What you have to do: The data below is to be written out exactly, with no pictures.

Source data:
=== Begin Enclosure ===

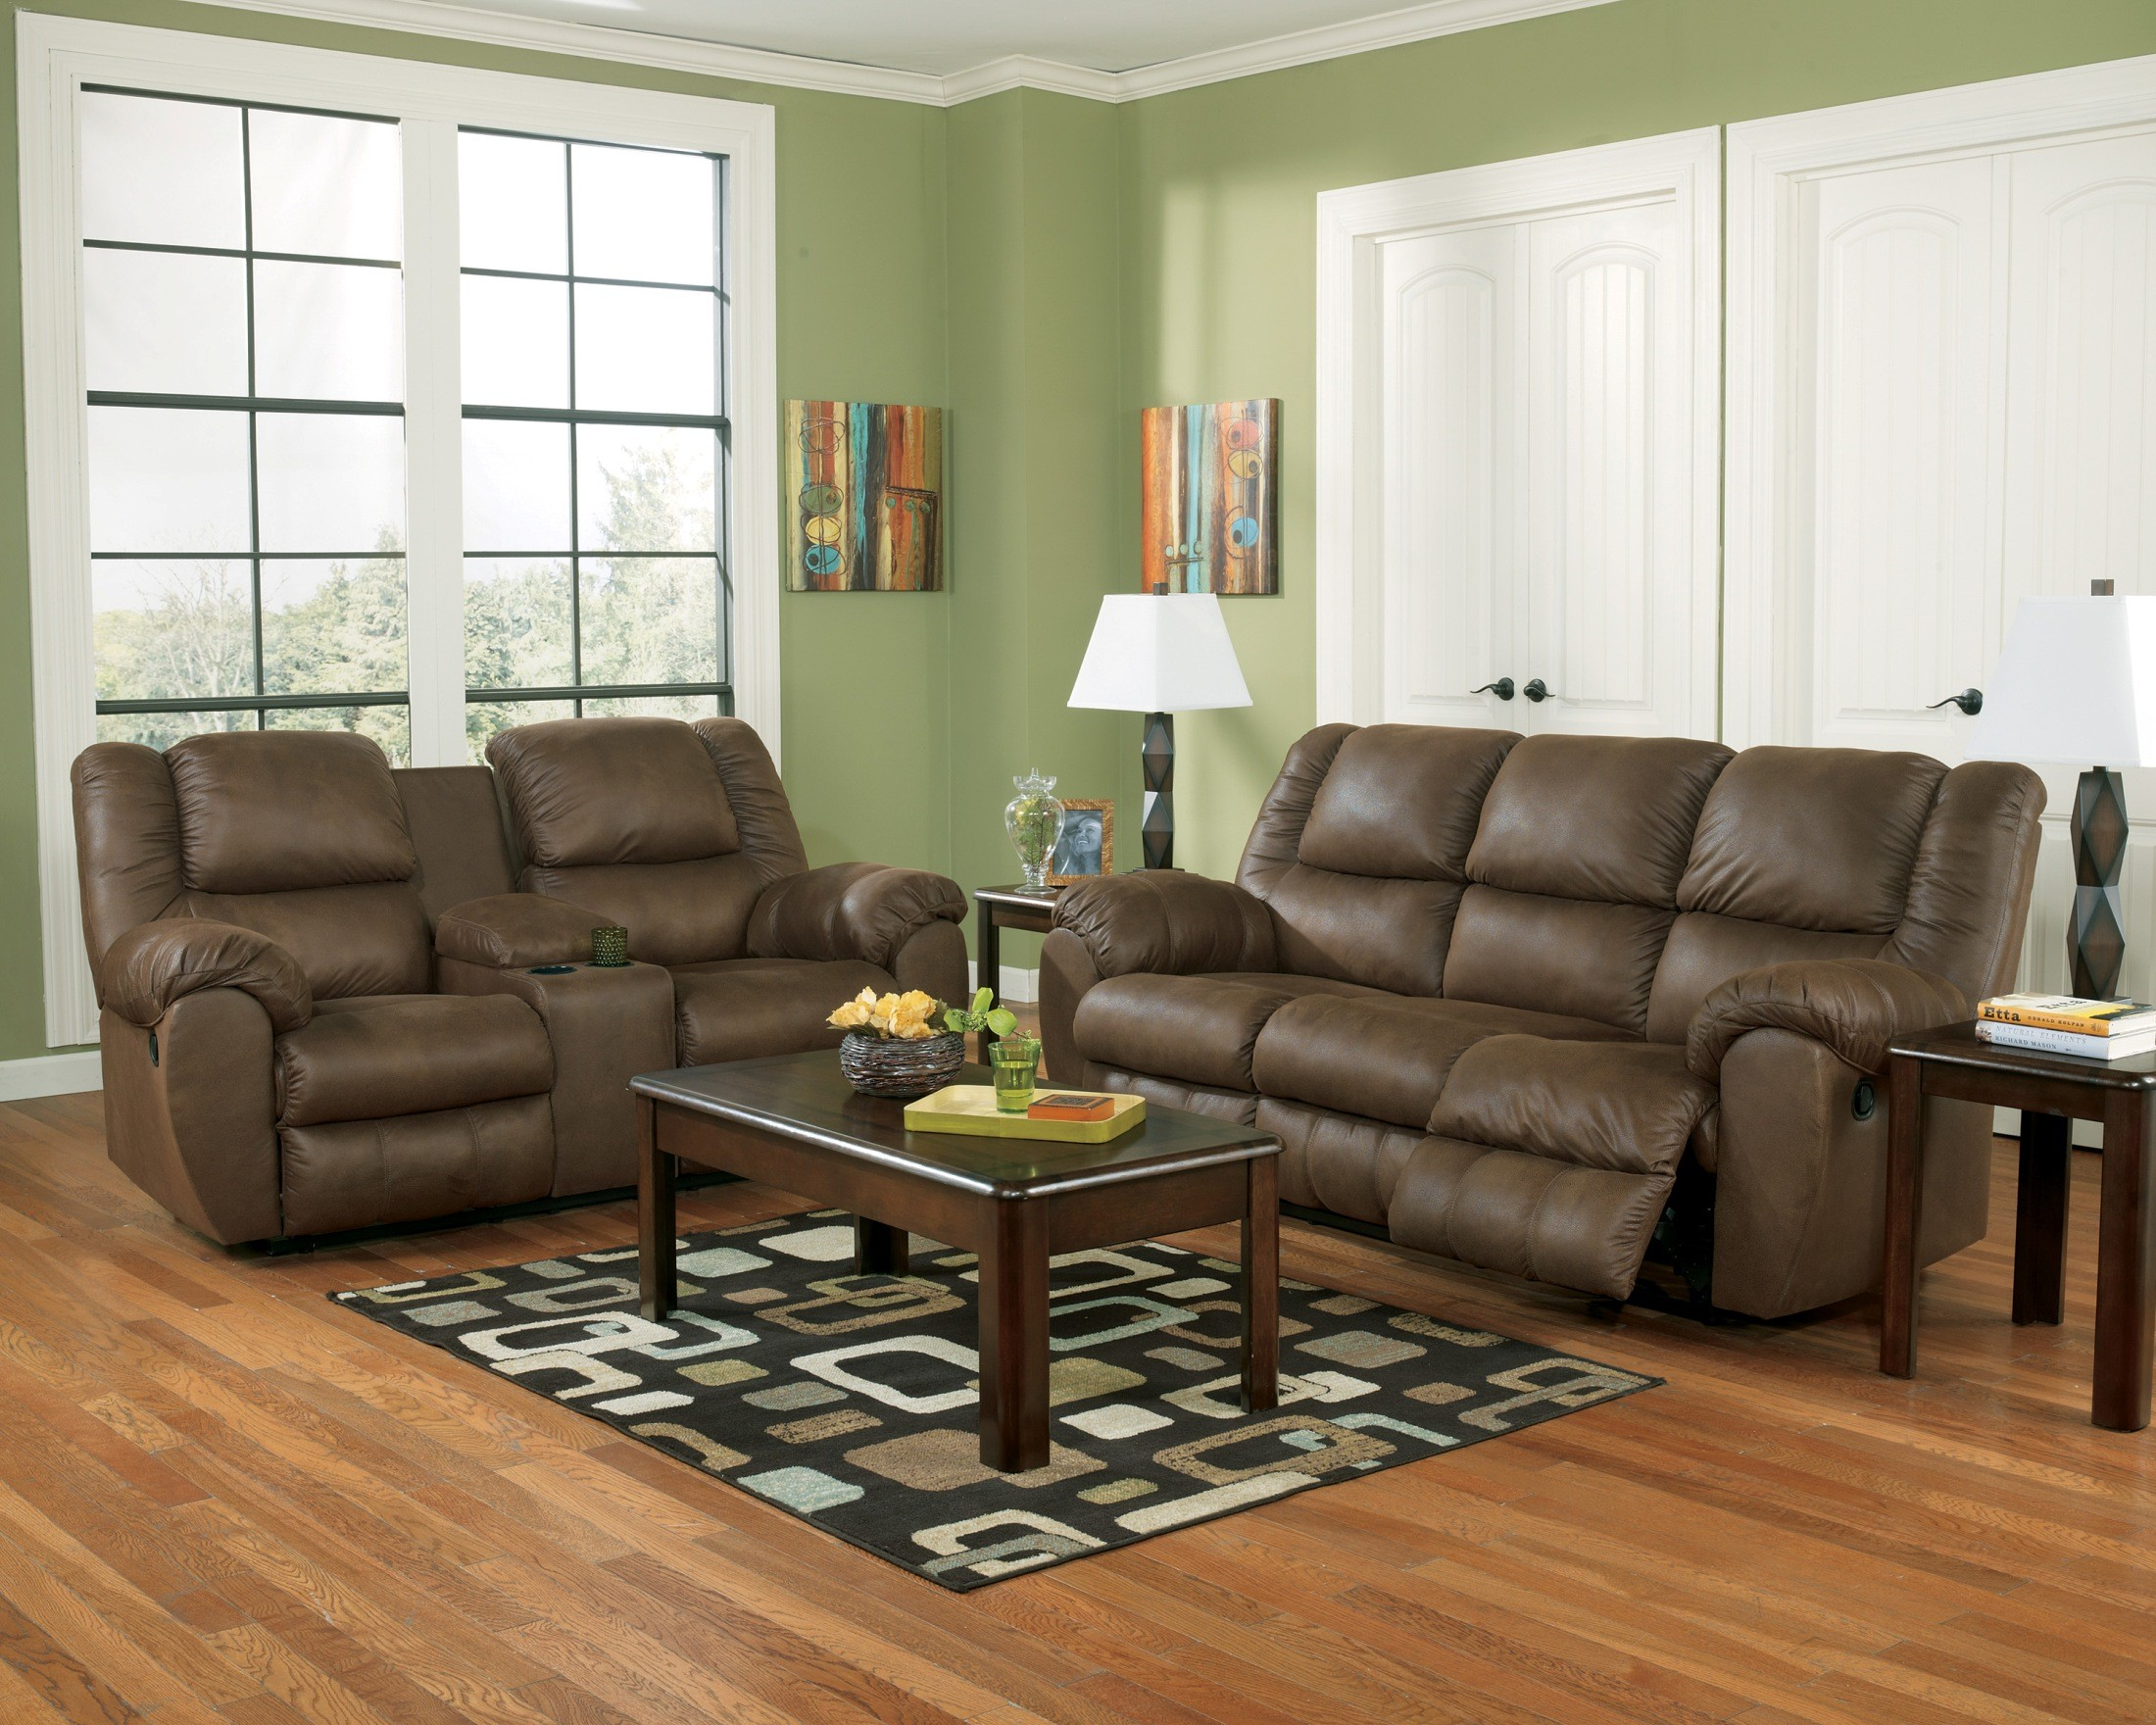 Quarterback Canyon Reclining Living Room Set From Ashley
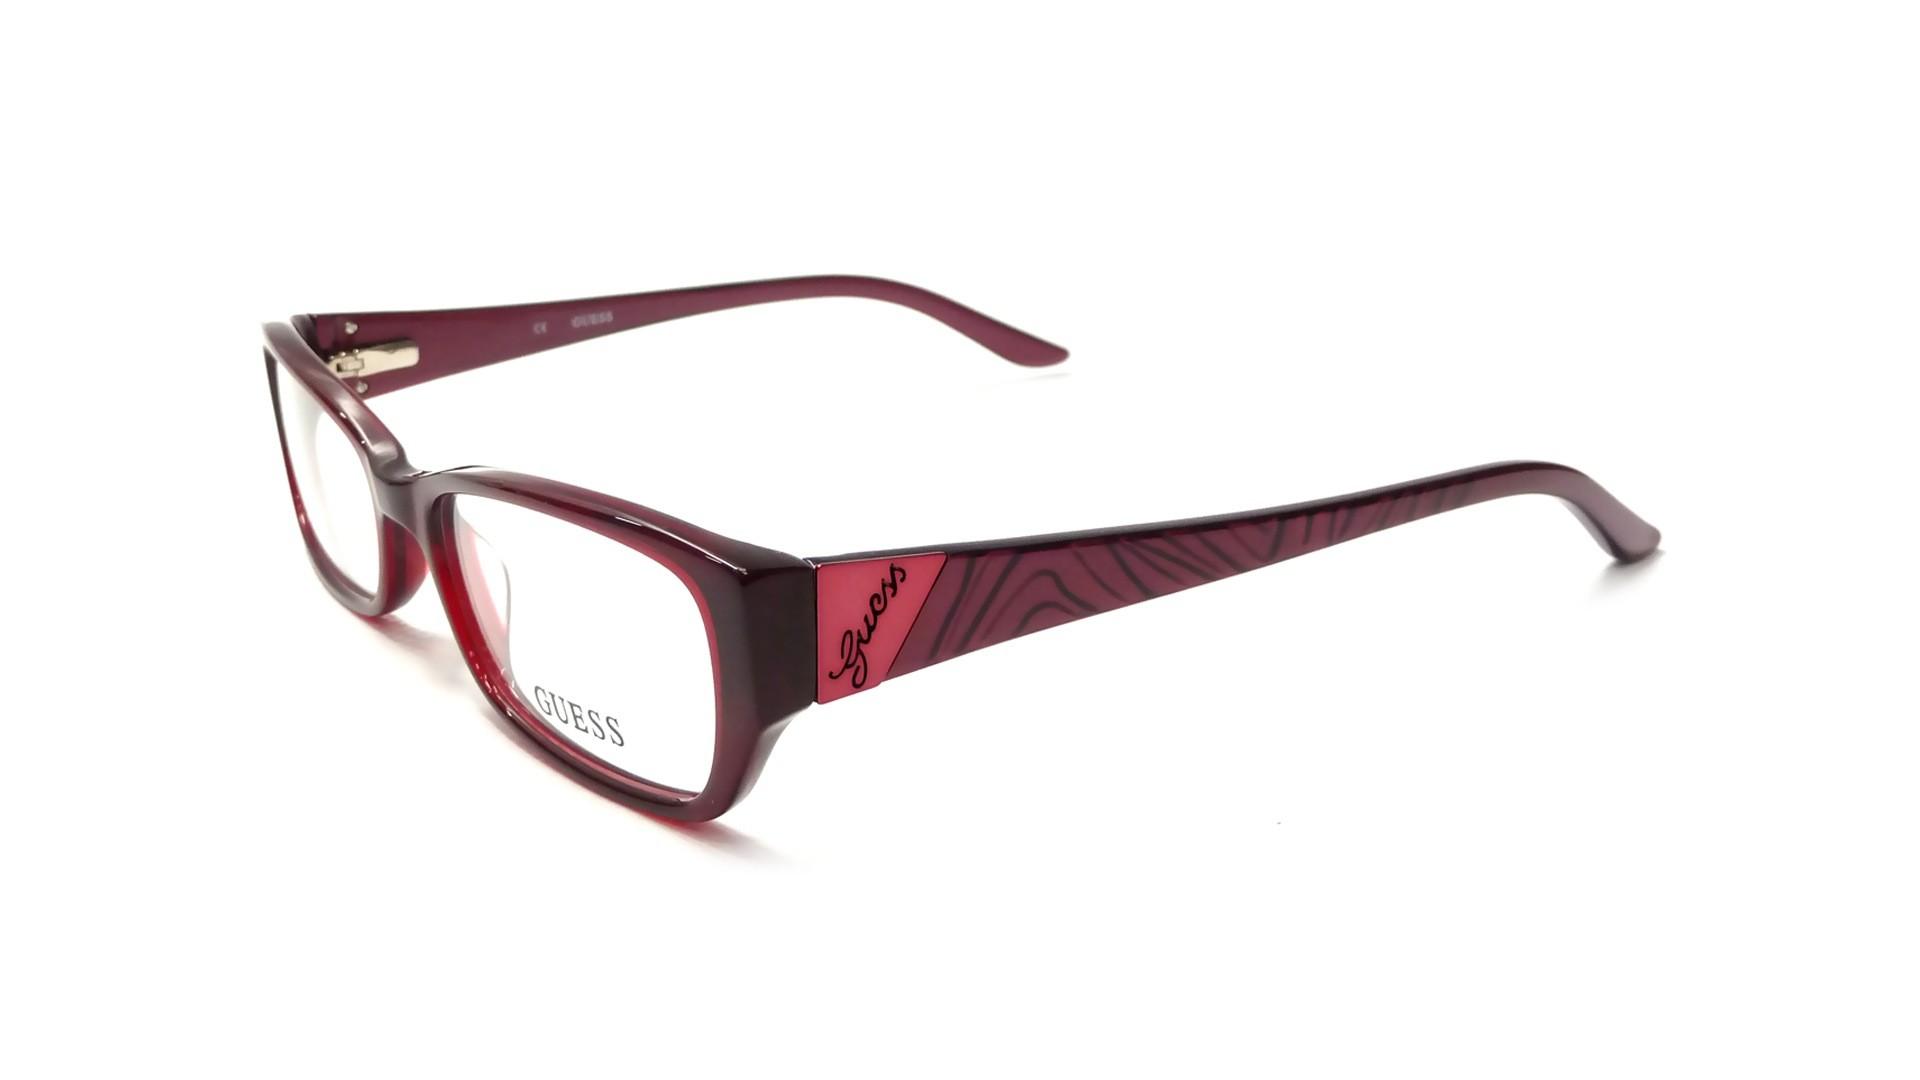 Guess Red Eyeglass Frames : Guess GU2305 BU 52-16 Red Visiofactory
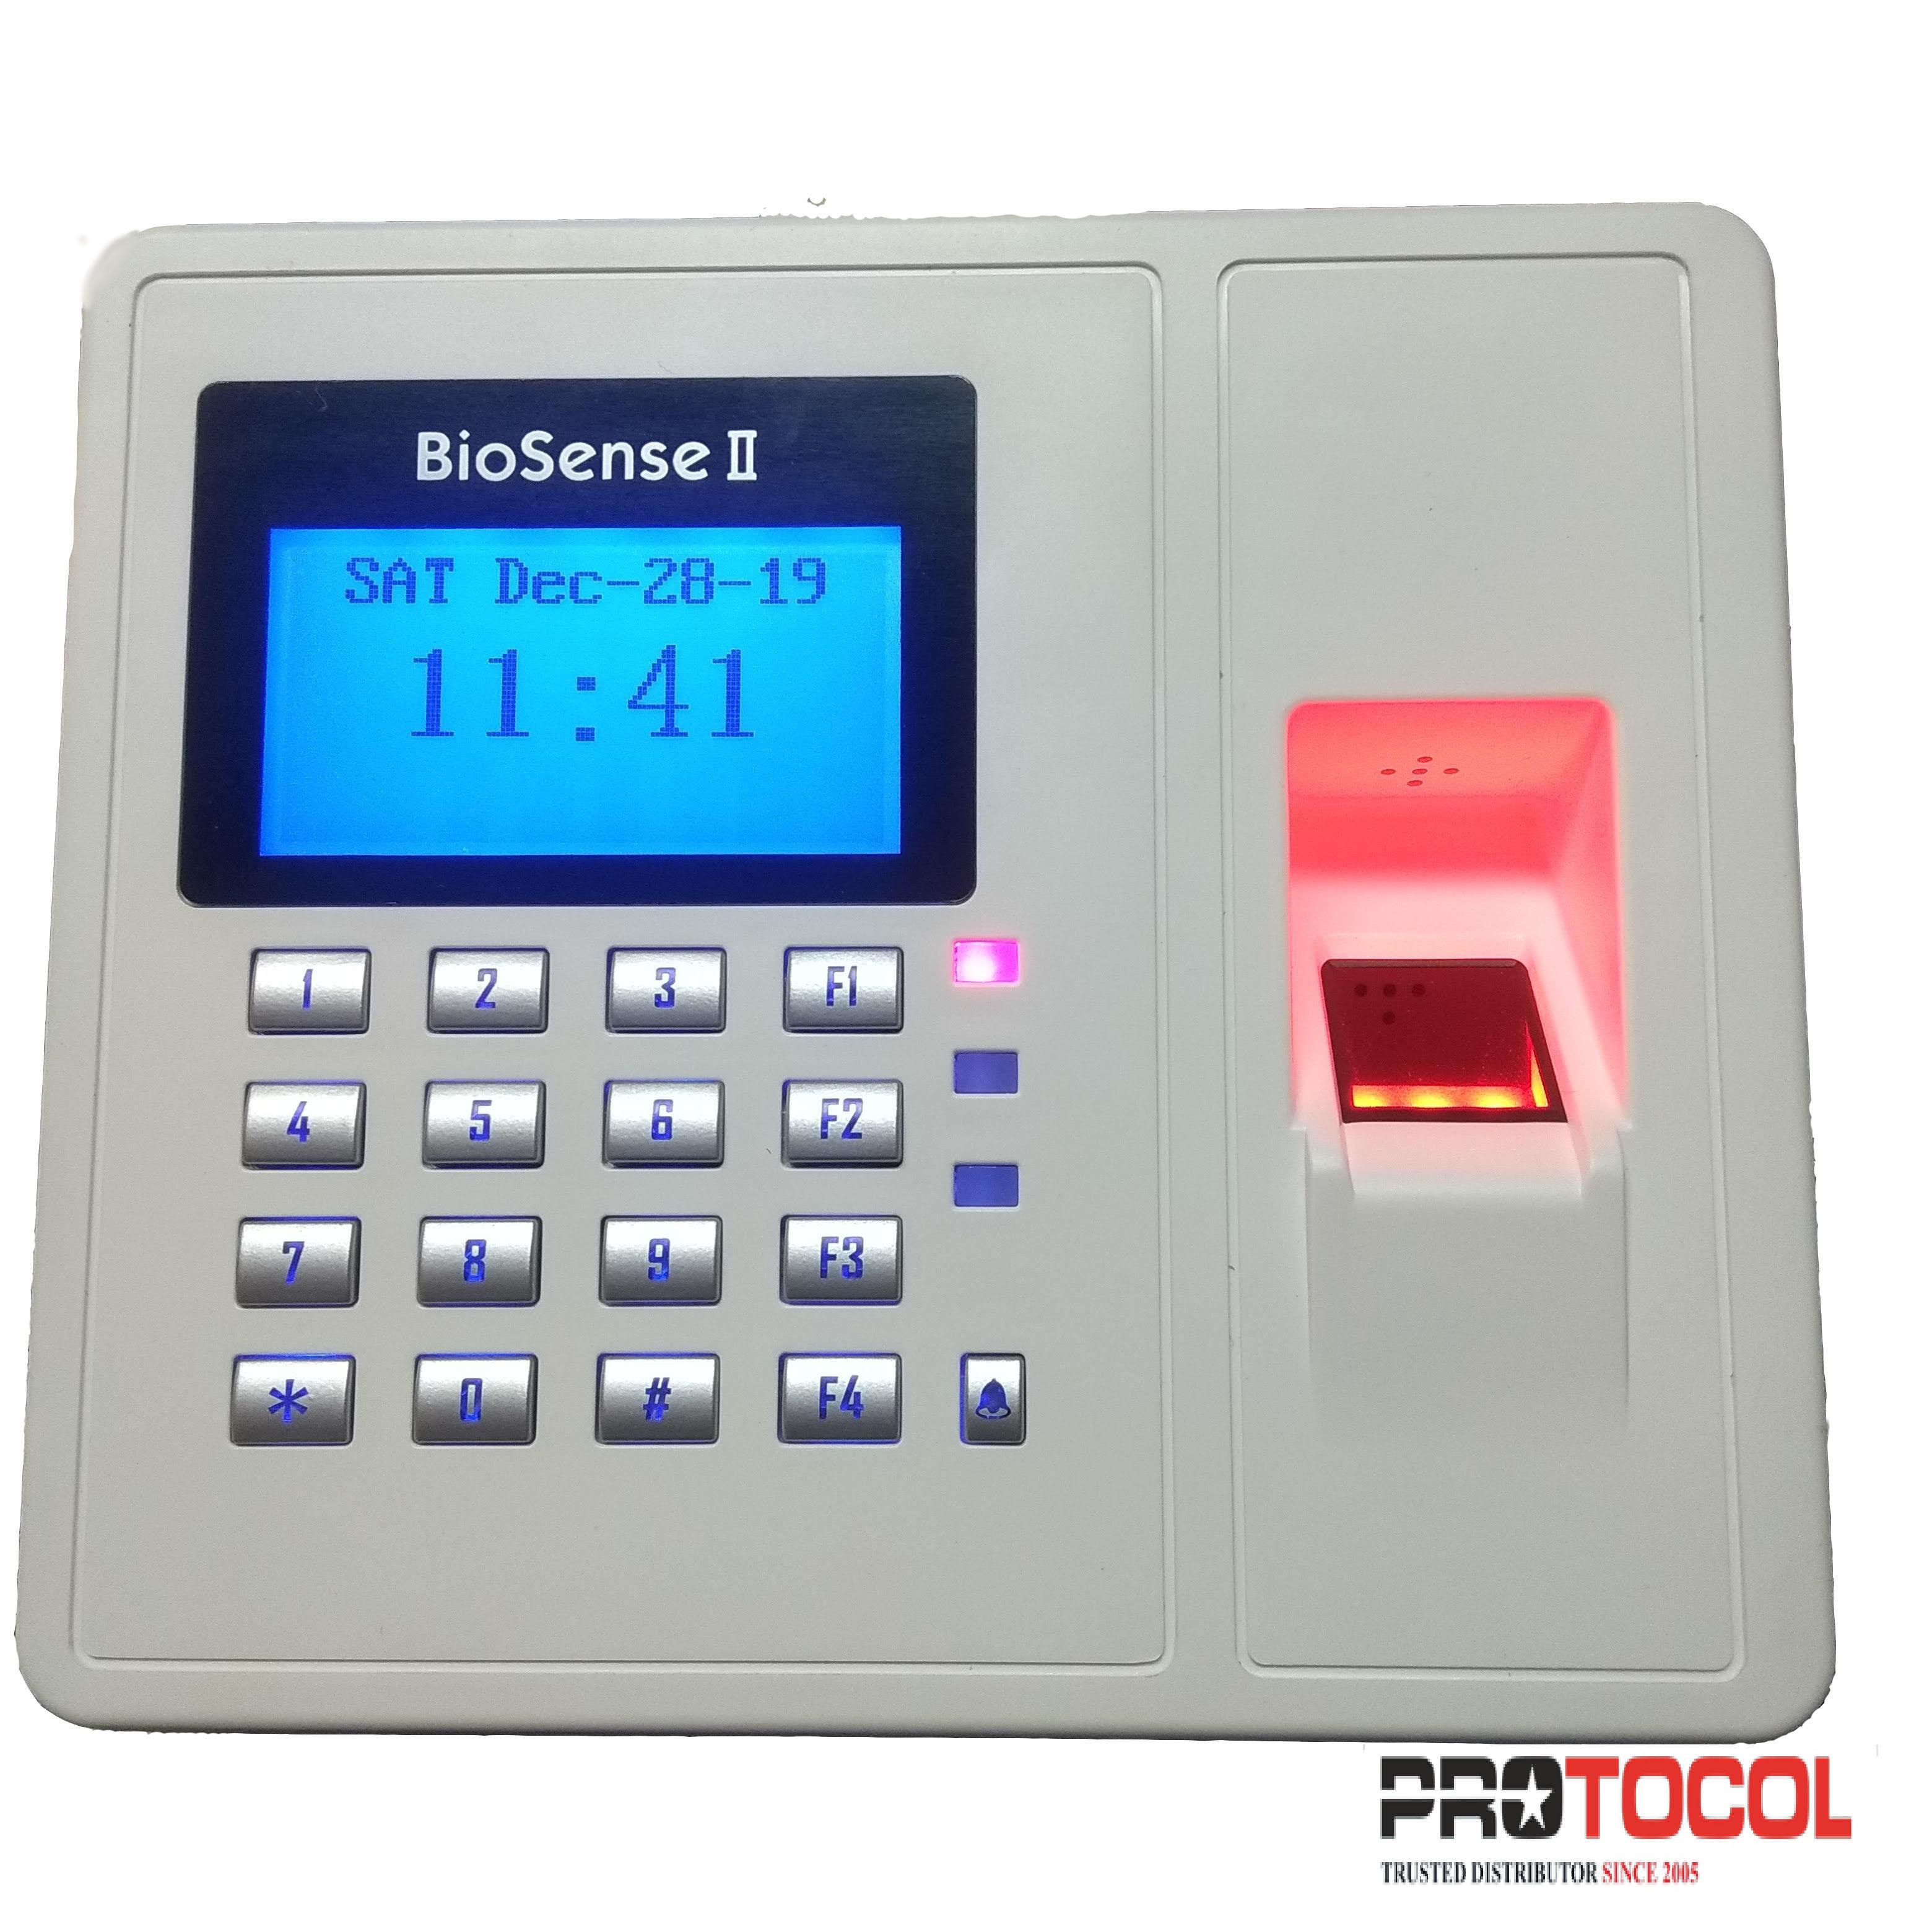 BioSense II

=== End Enclosure ===

Result of this exercise:
 Quarterback Canyon Reclining Living Room Set From Ashley
 Guess Red Eyeglass Frames : Guess GU2305 BU 52-16 Red Visiofactory
 BioSense II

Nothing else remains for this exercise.